Nvidia Suffer From ‘Crypto Hangover’

Article By : Dylan McGrath

Nvidia rode high on the boom in cryptocurrency prices last year, but has paid the price since cryptocurrency prices crashed back to earth.

SAN FRANCISCO — Nvidia reported declining sales for its most recently concluded quarter, as the company continues to grapple with a "crypto hangover" caused by the decline in cryptocurrency mining.

Nvidia — which warned Jan. 28 that its quarterly revenue would miss its original forecast by about $500 million — also reported a slowdown in sales to data centers and slower-than-expected sales of its high-end RTX GeForce 2080 and 2070 GPUs based on its Turing architecture.

Nvidia rode high on the boom in cryptocurrency prices last year, as it spurred sales of GPUs for cryptocurrency mining. But the company has paid the price since cryptocurrency prices crashed back to earth, warning after last quarter that the cryptocurrency decline had resulted in a glut of excess inventory of GPUs based on its Pascal architecture in the sales channel, dragging down sales.
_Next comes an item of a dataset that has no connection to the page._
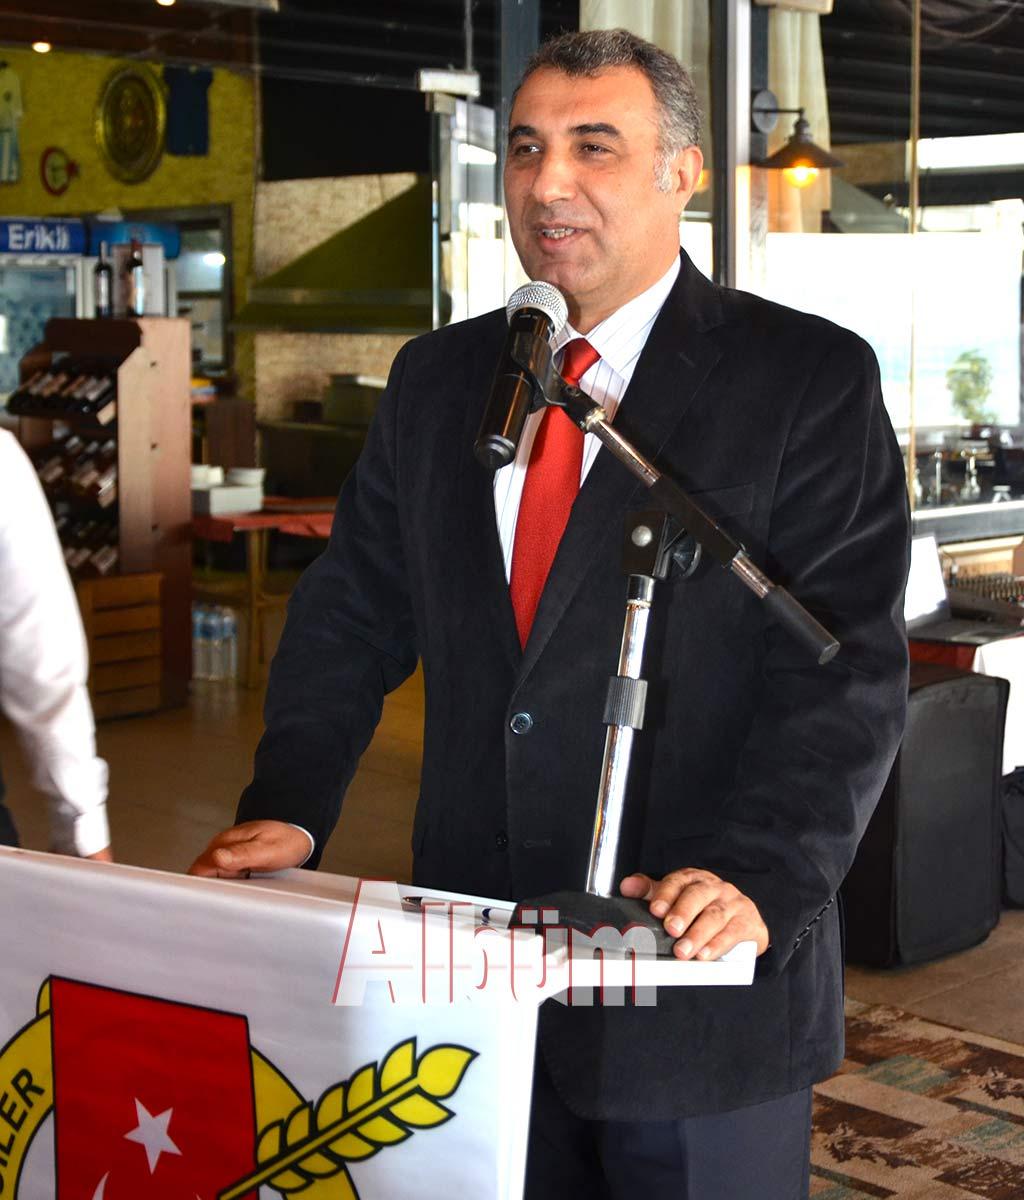 Mustafa-Harputlu

Following the quarterly report, Colette Kress, Nvidia's chief financial officer, told analysts on a conference call that the glut of GPUs in the channel remained throughout the fiscal fourth quarter, which closed Jan. 27. Kress also told analysts that Nvidia expects inventory to normalize during the current quarter and that deteriorating macroeconomic conditions, particularly in China, was also impacting consumer demand for GPUs.

"The significant volatility in our gaming business for the past few quarters has been challenging to model," Collette Kress said. "Crypto mining demand and its after effects have distorted the quarter-to-quarter trends in the gaming business and obscured its underlying trend line."

Fiscal fourth quarter revenue fell to $2.2 billion, down 31% from the previous quarter and down 24% from the fourth quarter of fiscal 2018. The company reported a net income for the quarter of $567 million, down 54% from the previous quarter and down 48% compared to the year-ago quarter.

For fiscal 2019, which also closed Jan. 27, Nvidia reported record sales of $11.72 billion, up 24% from fiscal 2018. The company reported a profit for fiscal 2019 of $4.14 billion, up 36% from fiscal 2018.

Nvidia also said it expects revenue to be about $2.2 billion in the current quarter, falling slightly short of Wall Street's expectations.

While fiscal fourth quarter sales to the data center were up 12% year-over-year, they declined 14% compared to the fiscal third quarter. But data center revenue for fiscal 2019 increased by 52% compared with fiscal 2018, Kress said.

Kress said a pause in spending by data center customers as macroeconomic conditions deteriorated hurt sales, with several deals that were expected to close in January slipping.

Jensen Huang, Nvidia's founder and CEO, said the slowdown in data center spending was broad based.

"We saw it across every vertical, every geography," Huang said. "There was just a level of cautiousness across all the enterprise customers and the cloud service providers that we haven't seen in a while."

Nvidia P1
Nvidia CEO Jensen Huang speaks at the Consumer Electronics Show in Las Vegas last month. (Source: Nvidia)

Huang said he believes the slowdown will be temporary. "The computing needs of earth have surely not been satisfied with what was shipped last quarter," he said. "So I think the demand will return and customers will return."

Nvidia is counting on the Turing architecture — introduced last August as the successor to Pascal — to hit it big with gaming enthusiasts. The architecture supports real-time ray tracing — wherein computers model the flight of light rays within a scene bouncing off of surfaces — considered a first for the industry. Nvidia introduced the first mid-range version of a Turing GPU at the Consumer Electronics Show last month.

But the initial sales of the high-end Turings were disappointing. Executives said some customers may have delayed purchases, waiting for lower price points or for the RTX technology to be exploited by more games.

"It is true that everybody was hoping to see more games with RTX on day one," Jensen said. "But it's such a new technology, with ray tracing and AI for image processing, that it's only really possible to make available with new games — which is tied to the schedules of new games. And now they are starting to come out."